At any rate, this was huge news, and implied, to many, including hype-promoting journalists, that if life could thrive on arsenic, perhaps the chances of life on other planets was higher than we thought. Wolfe-Simon herself implied that perhaps there was a “shadow biosphere,” on Earth, including organisms that we didn’t know of because their biochemistry was so different from that of life we knew.
The publicity attending this discovery was huge: NASA held a press conference in which Simon was the only one of the dozen authors to appear. Simon also gave a TED talk on this subject, and in 2011 Time Magazine named her one of “Time’s 100 people,” supposedly the most influential group in the world.

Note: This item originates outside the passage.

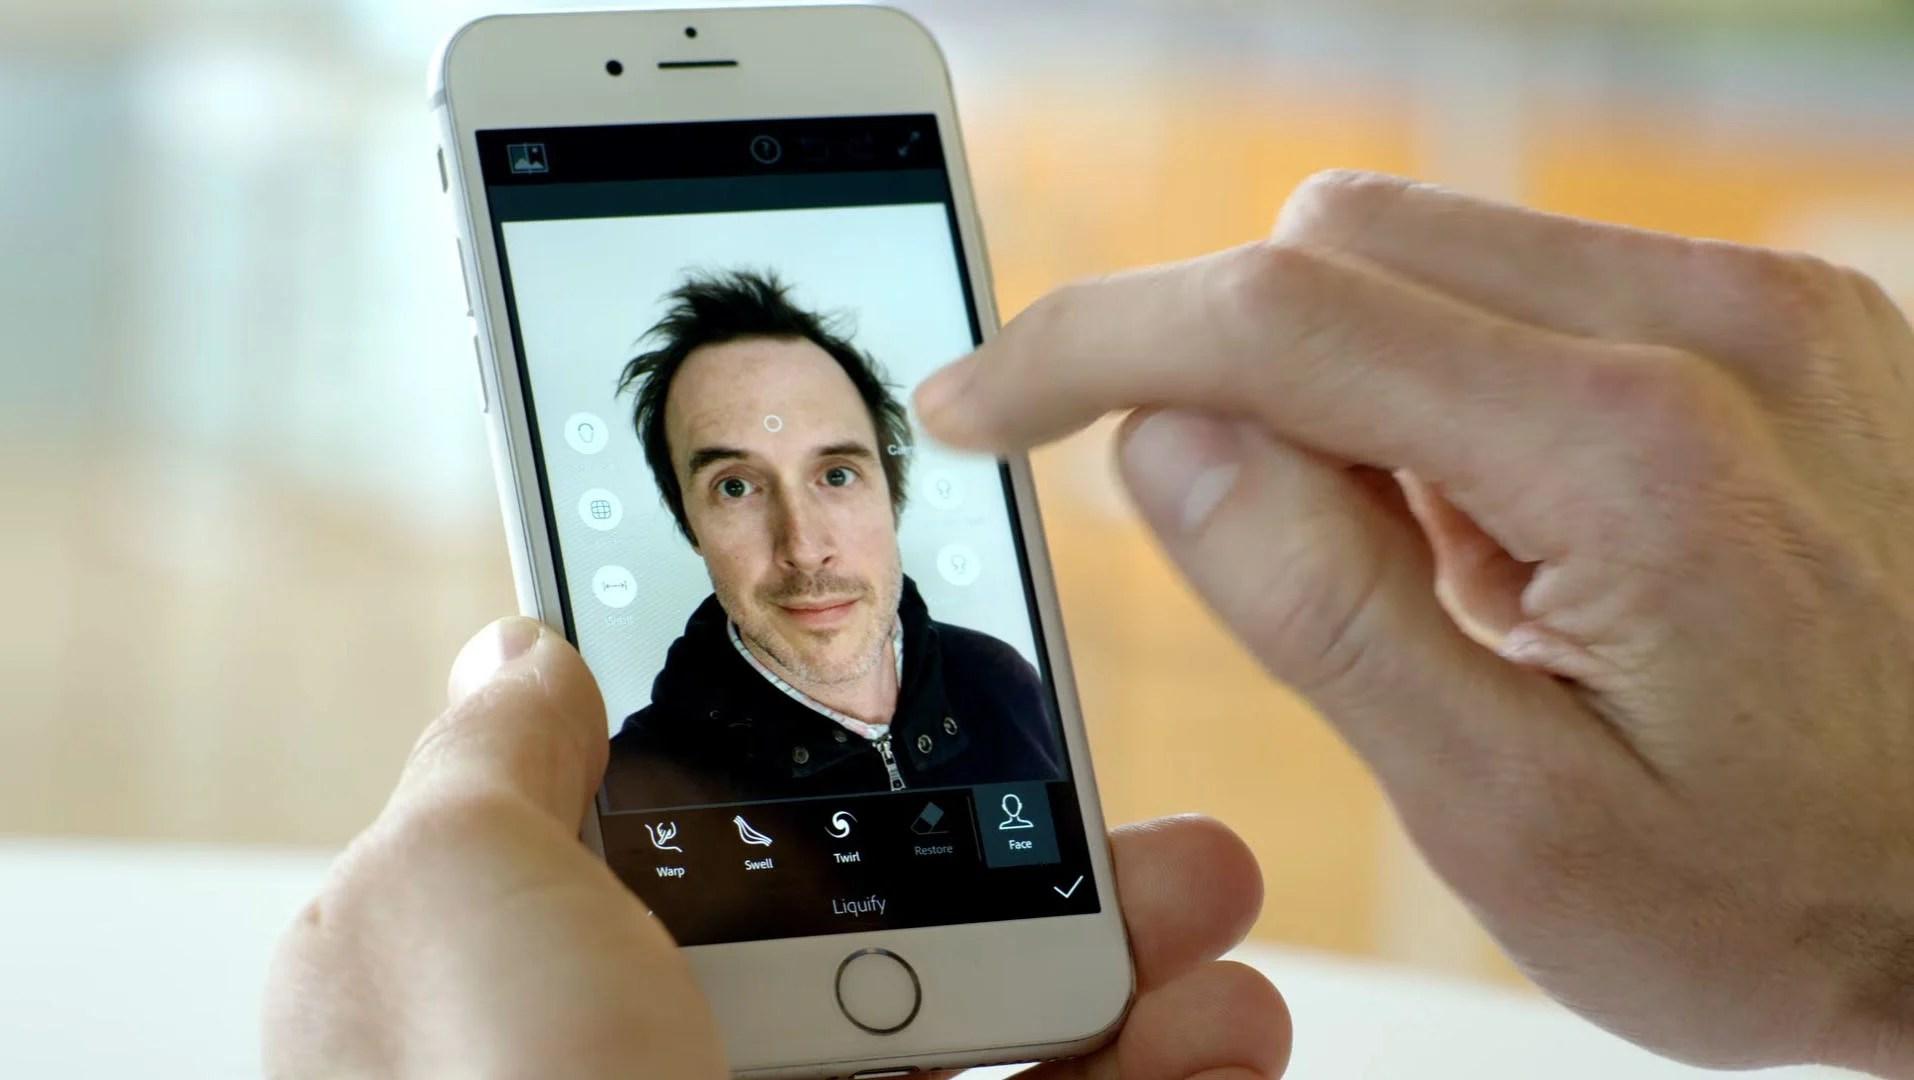 Adobe veut casser le selfie-game avec des retouches faciles et puissantes

The problem, which emerged pretty rapidly, is that this discovery was wrong. The research was sloppy, the reviewers apparently didn’t have the proper expertise to review the paper, and researchers who did have the expertise began pointing out the discovery’s flaws, first online and then in a series of eight critiques published in Science. As Wikipedia notes,
If correct, this would be the only known organism to be capable of replacing phosphorus in its DNA and other vital biochemical functions.[14][15][16] The Science publication and an hour-long December 2, 2010 NASA news conference were publicized and led to “wild speculations on the Web about extraterrestrial life”.[17] Wolfe-Simon was the only one of the paper’s authors at that news conference.[18] The news conference was promptly met with criticism by scientists and journalists.[19] In the following month, Wolfe-Simon (and her co-authors and NASA) responded to criticisms through an online FAQ and an exclusive interview with a Science reporter, but also announced they would not respond further outside scientific peer-review.[20][21] In April 2011 Time magazine named Wolfe-Simon one of that year’s Time 100 people.[22][23]
The Science article “A Bacterium That Can Grow by Using Arsenic Instead of Phosphorus” appeared in the June 3, 2011 print version of Science;[1] it had remained on the “Publication ahead of print” ScienceXpress page for six months after acceptance for publication. However, Rosemary Redfield and other researchers from the University of British Columbia and Princeton University performed studies in which they used a variety of different techniques to investigate the presence of arsenic in the DNA of GFAJ-1 and published their results in early 2012. The group found no detectable arsenic in the DNA of the bacterium. In addition, they found that arsenate did not help the strain grow when phosphate was limited, further suggesting that arsenate does not replace the role of phosphate.[24][25]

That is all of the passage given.